Thesis: Irony detection and polarity classification in Tripadvisor user reviews

In this repository you will find several models for the classification of Trip Advisor reviews by irony and polarity, using supervised learning algorithms.

The first dataset, Sarcasm V2 [https://nlds.soe.ucsc.edu/sarcasm2], was constructed from a large-scale and highly diverse dialogue corpus of online discussion forums to classify into sarcasm (S) and non-sarcasm (NS) classes, distributed into three balanced sample subsets based on generic sarcasm (Gen), rhetorical questions (RQ), and hyperbole (Hyp)(Oraby et al., 2017).

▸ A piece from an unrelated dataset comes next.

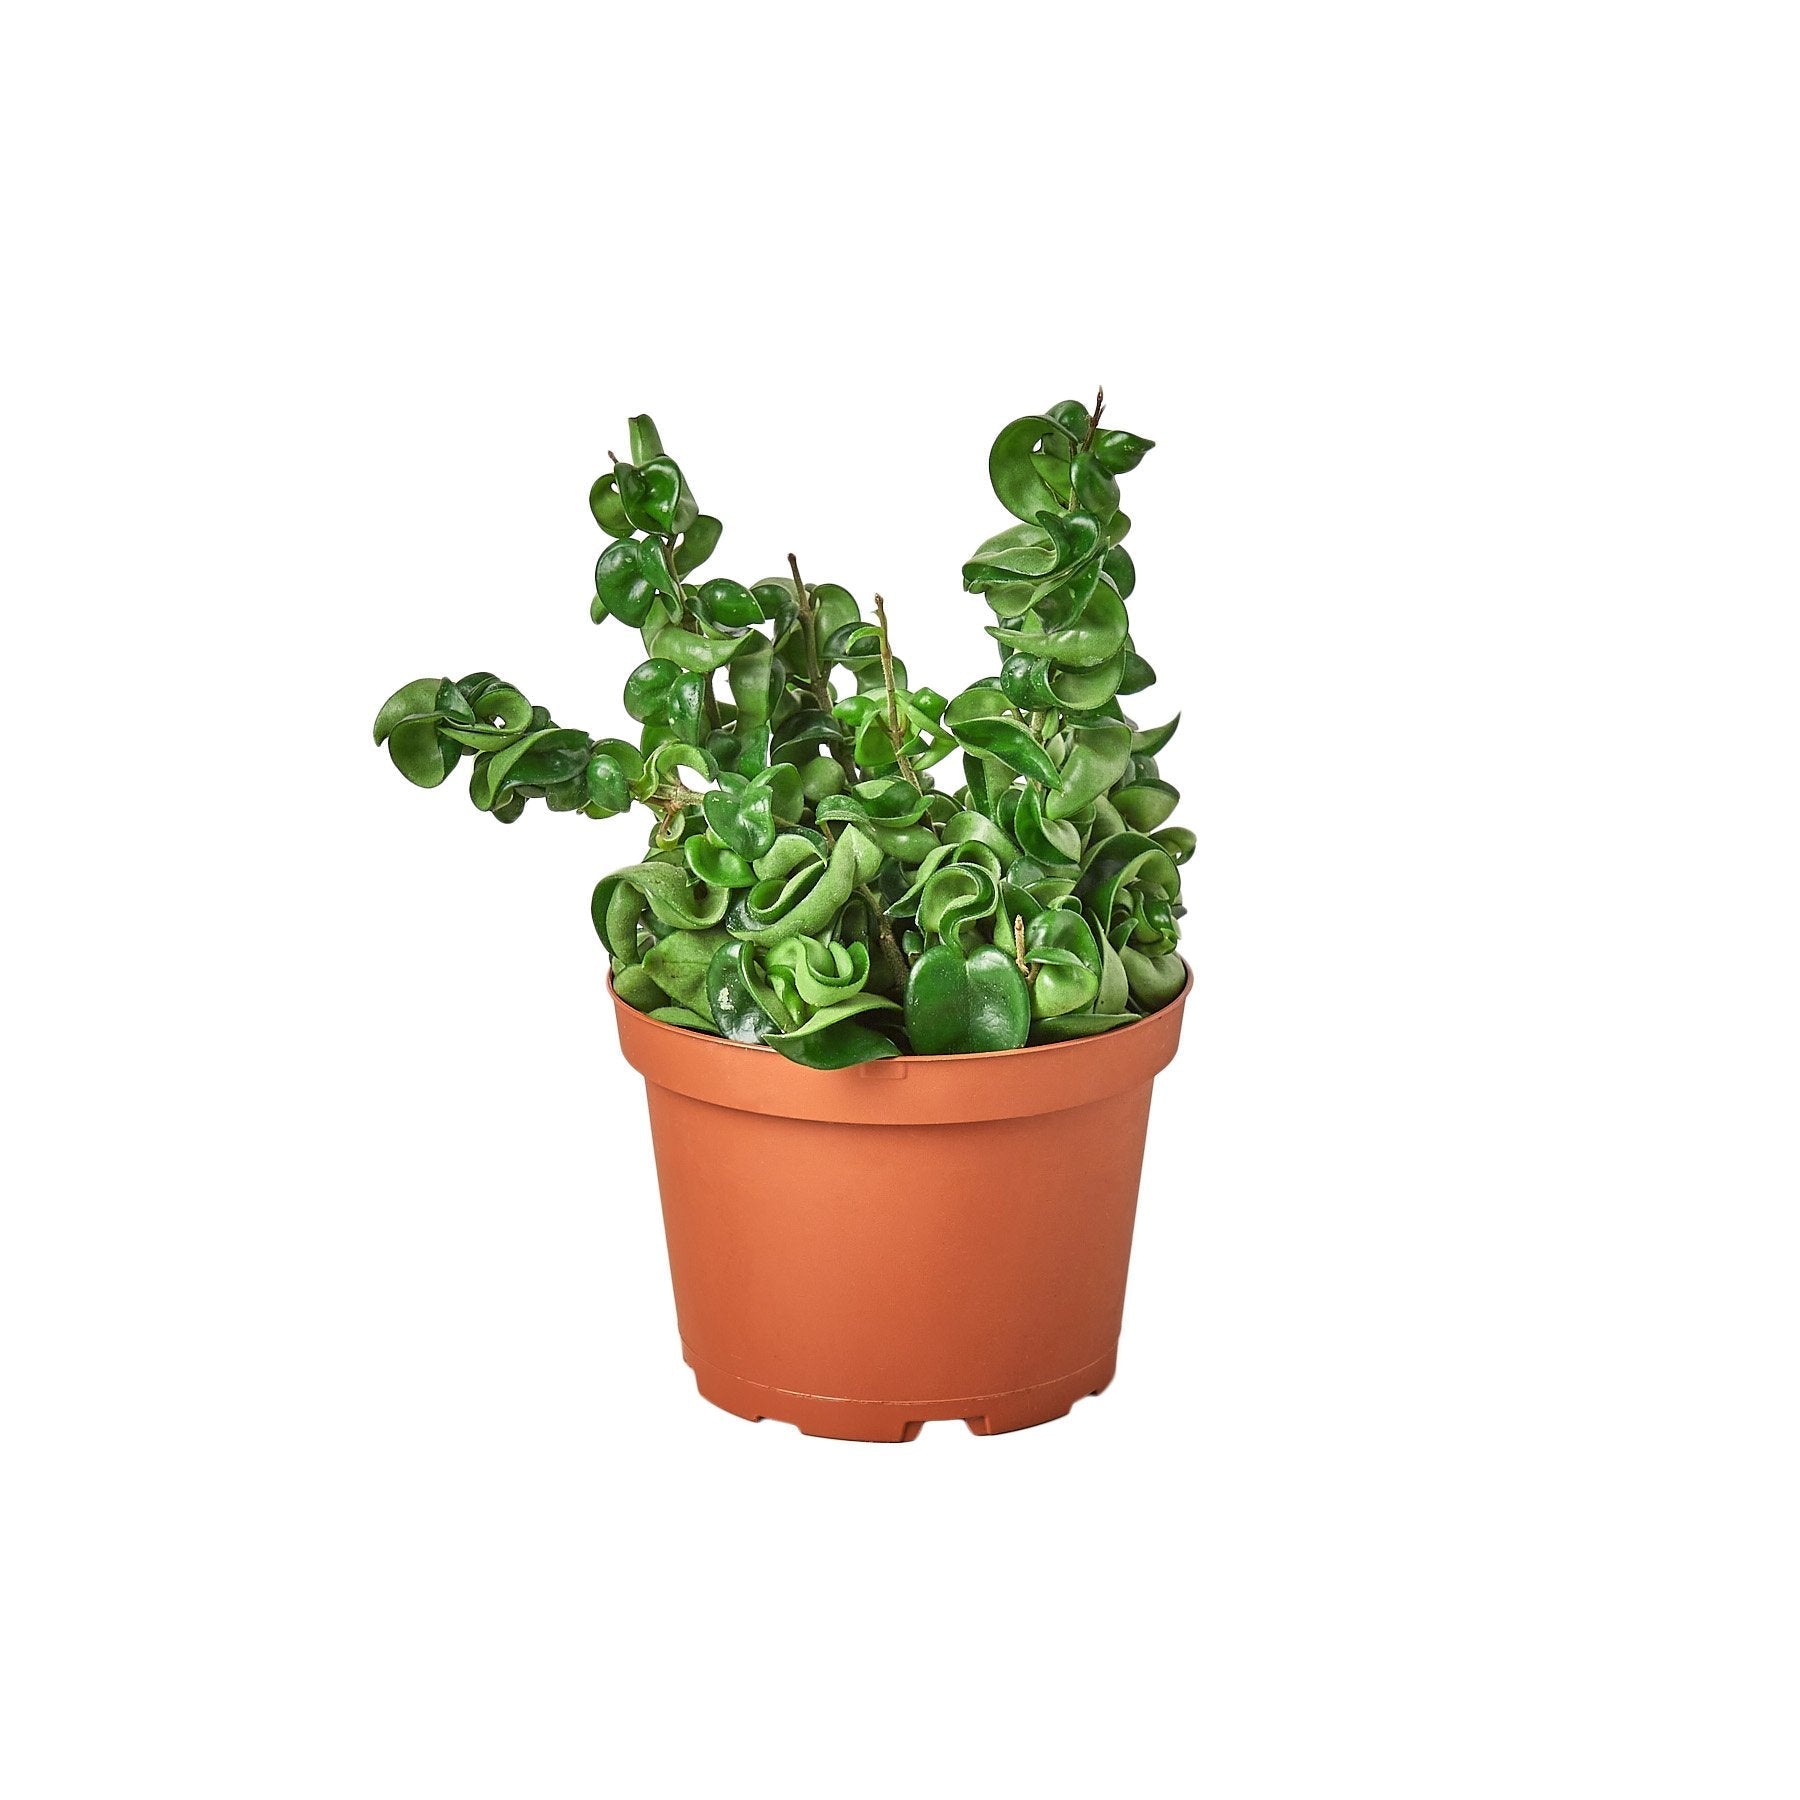 A small plant in a pot on a white background. Top garden centers near me.

The second dataset are 1254 reviews about Amazon productos [https://storm.cis.fordham.edu/~filatova/SarcasmCorpus.rar].

The third dataset consists of 20,490 hotel reviews extracted from TripAdvisor [https://www.kaggle.com/datasets/andrewmvd/trip-advisor-hotel-reviews/download?datasetVersionNumber=2], which contain the star rating (up to 5) given by the user (Alam et al., 2016).

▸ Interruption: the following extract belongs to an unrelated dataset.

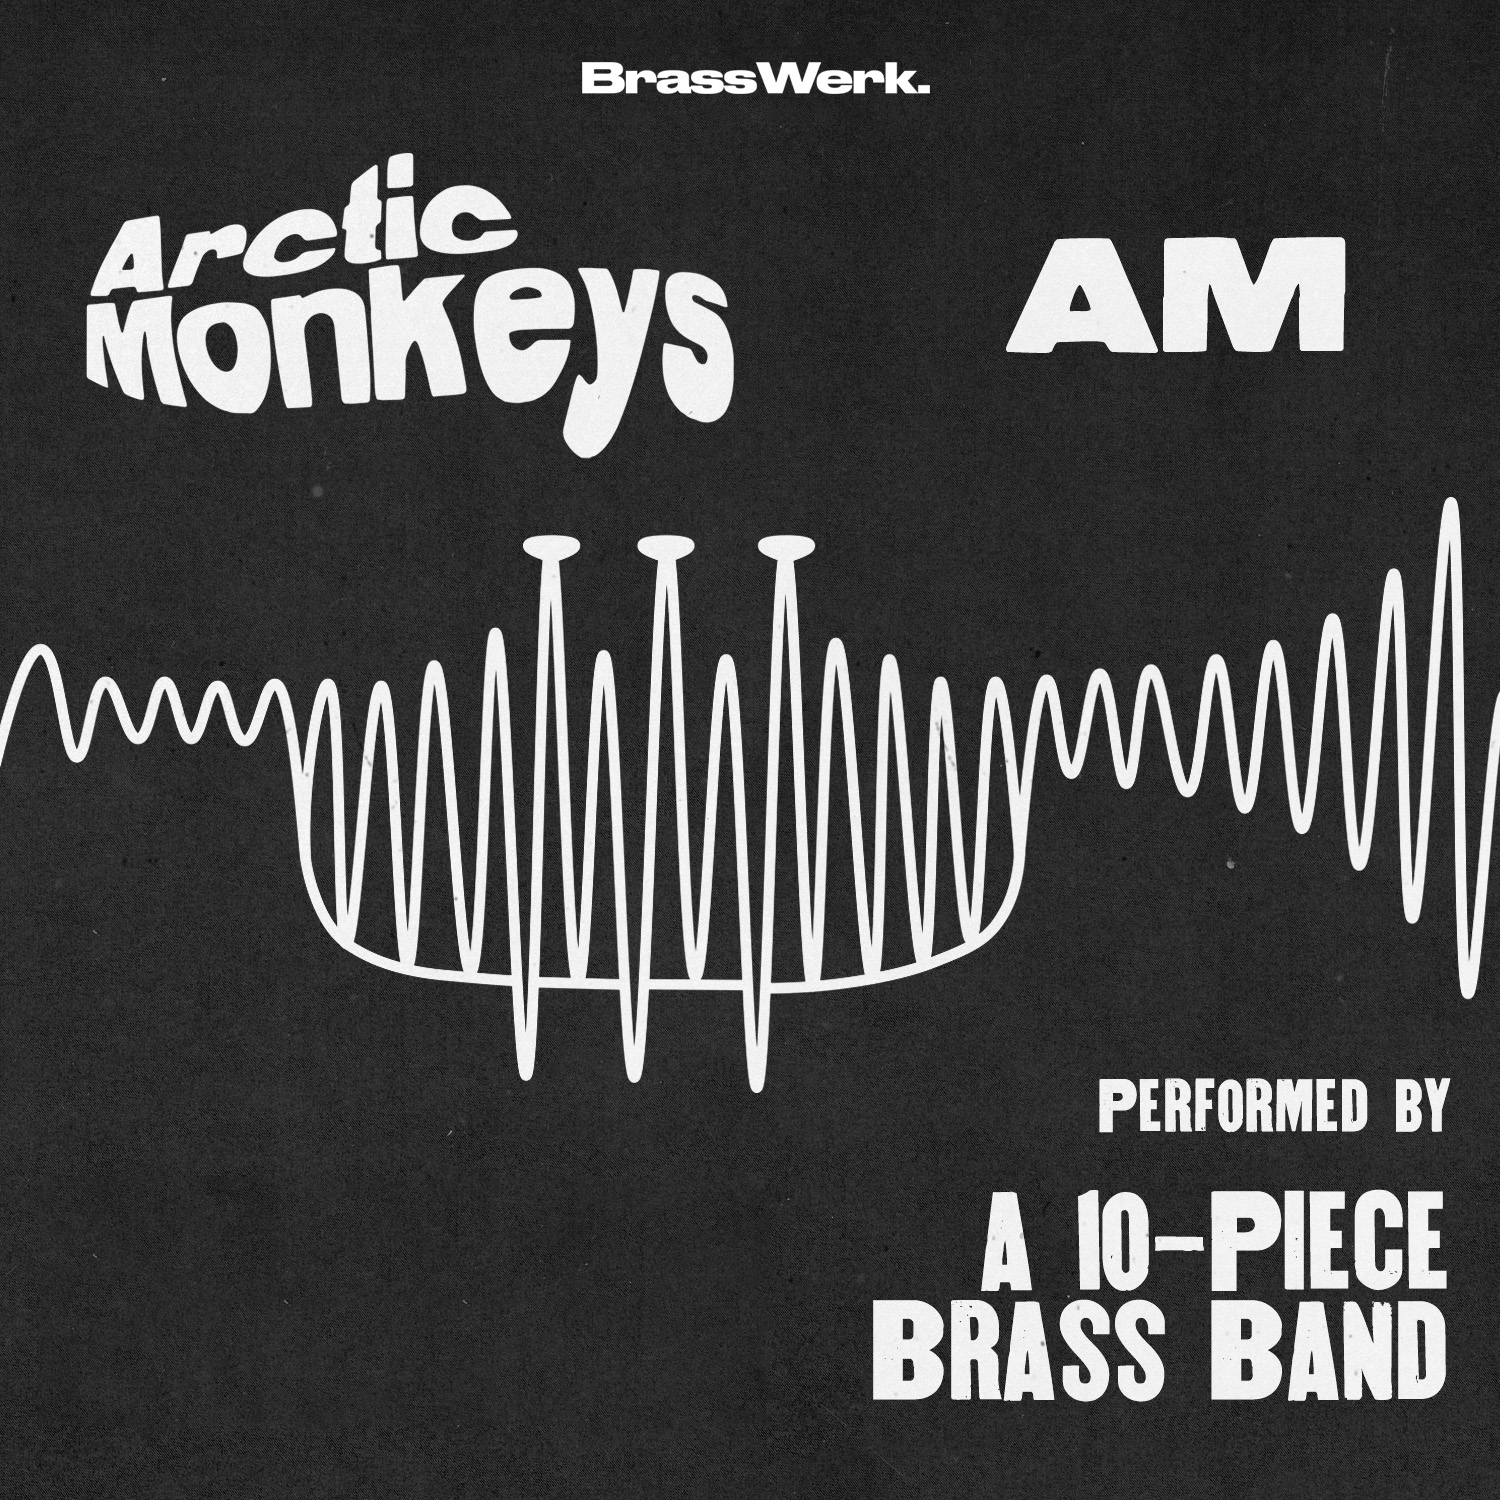 Arctic Monkeys on Brass (AM) at The Blues Kitchen Manchester, Manchester

For word representation, three GloVe word embedding models are used,

  1. with 6 billion words and 100 dimensions words: https://nlp.stanford.edu/data/glove.6B.zip
  2. with 6 billion words and 300 dimensions words: https://nlp.stanford.edu/data/glove.6B.zip
  3. with 840 billion words and 300 dimensions words: https://nlp.stanford.edu/data/glove.840B.300d.zip

Download and unzip "glove.6B.100d.txt", "glove.6B.300d.txt" from https://nlp.stanford.edu/data/glove.6B.zip, and "glove.840B.300d.txt" from https://nlp.stanford.edu/data/glove.840B.300d.zip

Packages used (Python 3.7):

  • Tensorflow 2.0
  • Scikit-learn 1.0.2
  • Pandas 1.3.5
  • Numpy 1.21.5
  • h5py 2.10.0

References:

  • Alam, M. H., Ryu, W.-J., & Lee, S. (2016). Joint multi-grain topic sentiment: Modeling semantic aspects for online reviews. Information Sciences, 339, 206-223.
  • Filatova, E. (2012). Irony and Sarcasm: Corpus Generation and Analysis Using Crowdsourcing. Lrec, 392-398.
  • Oraby, S., Harrison, V., Reed, L., Hernandez, E., Riloff, E., & Walker, M. (2017). Creating and characterizing a diverse corpus of sarcasm in dialogue. arXiv preprint arXiv:1709.05404.